Using malloc and free will work, but declaring the array in main, passing a pointer to said array to the function, and manipulating it within the function is the better approach, in my opinion, as then you don't have to worry about remembering to free your array when you're done with it. I think this has already been proposed, above, but just in case:


#include <stdio.h>

int function(int *a) {
a[1] = 2;
}

int main() {
int b[10];
function(b);
printf("%d\n", b[1]);
}

Andrew

not for

multidimensional

arrays

this is ur answer
:KS:KS:KS:KS:KS:KS:KS:KS
const int size=2;
int *input()
{
int a[size][size];
for(int i=0;i<size;i++)
cin>>a[i];
return a;
}
int main()
{
int *b;
b=input();
for(int i=0;i<size;i++)
cout<<*b(0+i);
}

const int size=2;
int *input()
{
int a[size][size];
for(int i=0;i<size;i++)
cin>>a[i];
return a;
}
int main()
{
int *b;
b=input();
for(int i=0;i<size;i++)
cout<<*b(0+i);
}

Your first post, and it's wrong! You should not be returning the address of a locally declared variable (or array), because upon returning from the function, it is no longer in scope.
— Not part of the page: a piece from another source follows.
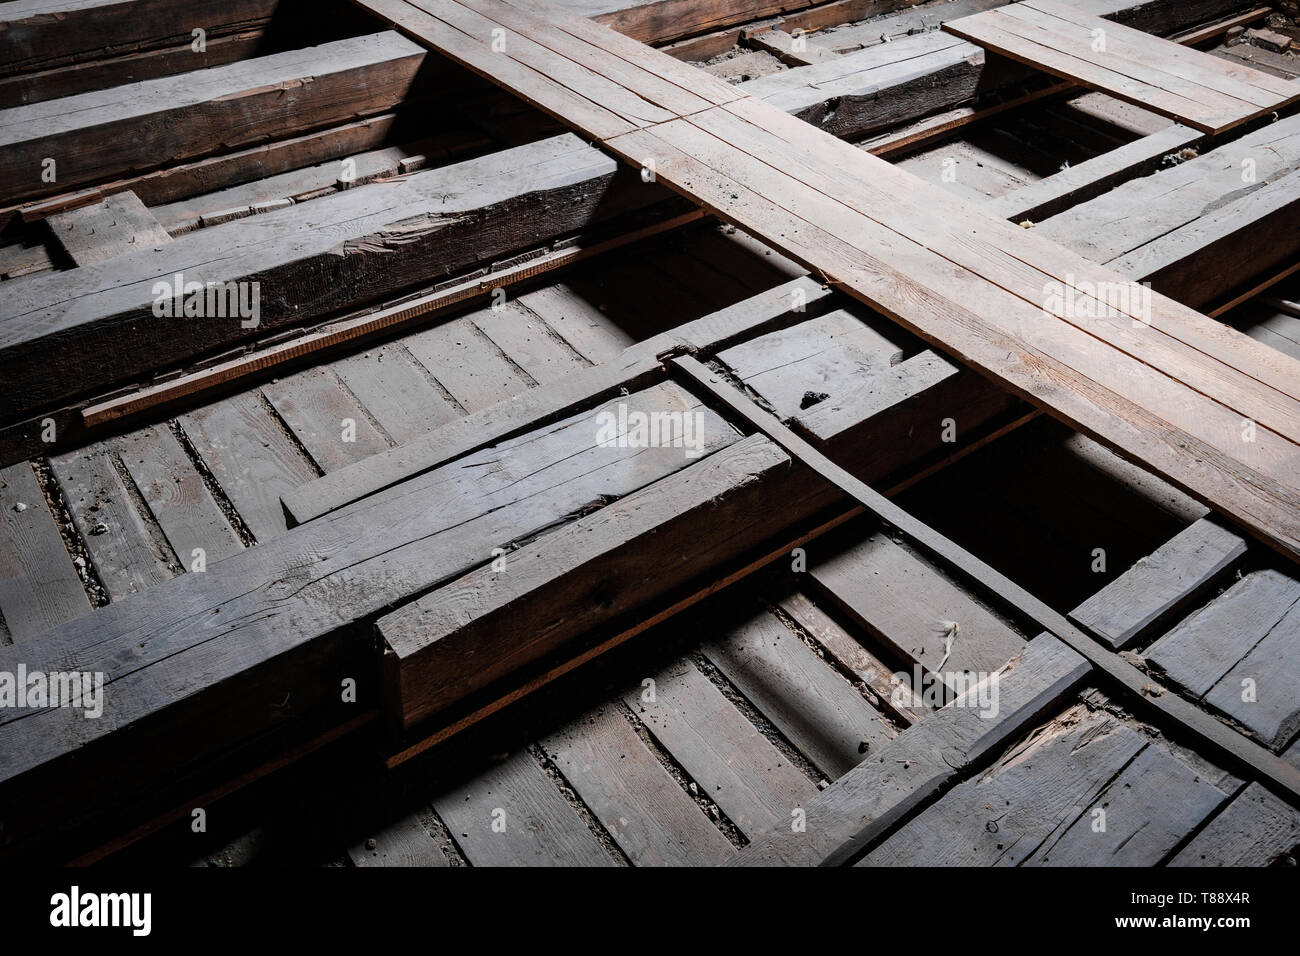 old wooden floor beam and plank construction in attic loft Stock Photo
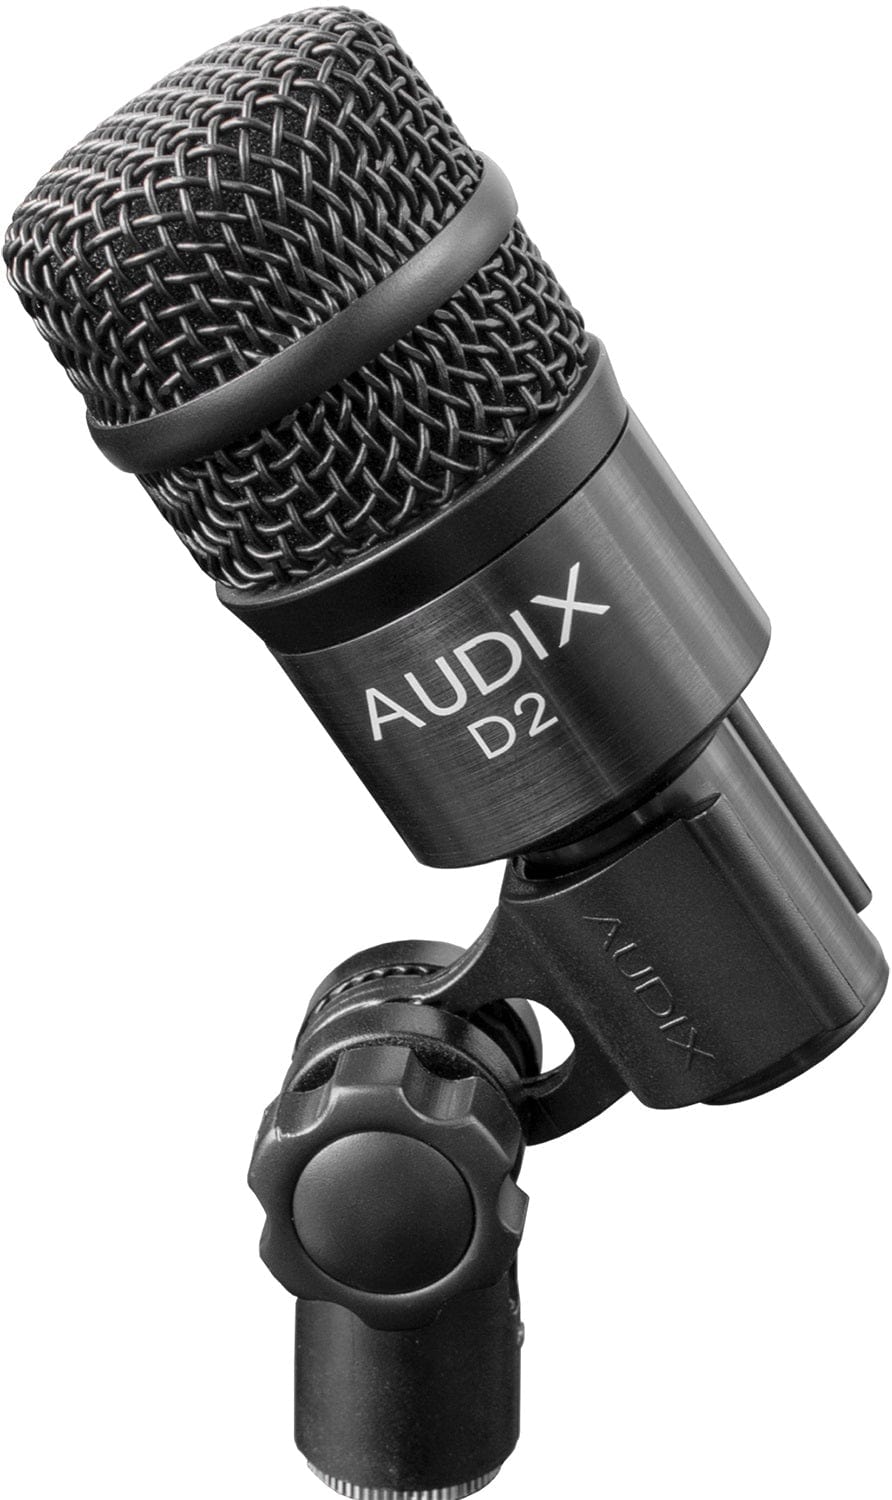 Audix D2 Hypercardioid Dynamic Microphone - PSSL ProSound and Stage Lighting

This thread is old... very old... and if you had paid attention, it was concerning how to do manipulate an array in C... not C++.

Either case, I hope a mod can close the thread.

It burns us!

int function(int *a) { a[1] = 2; }Just wanted to point out that the "function" is declared as int so there should be a "return" somewhere inside it. Either that or you could declare the function as:
void function(int *a) {..

Time to let this thread rest in peace and sink into obscurity.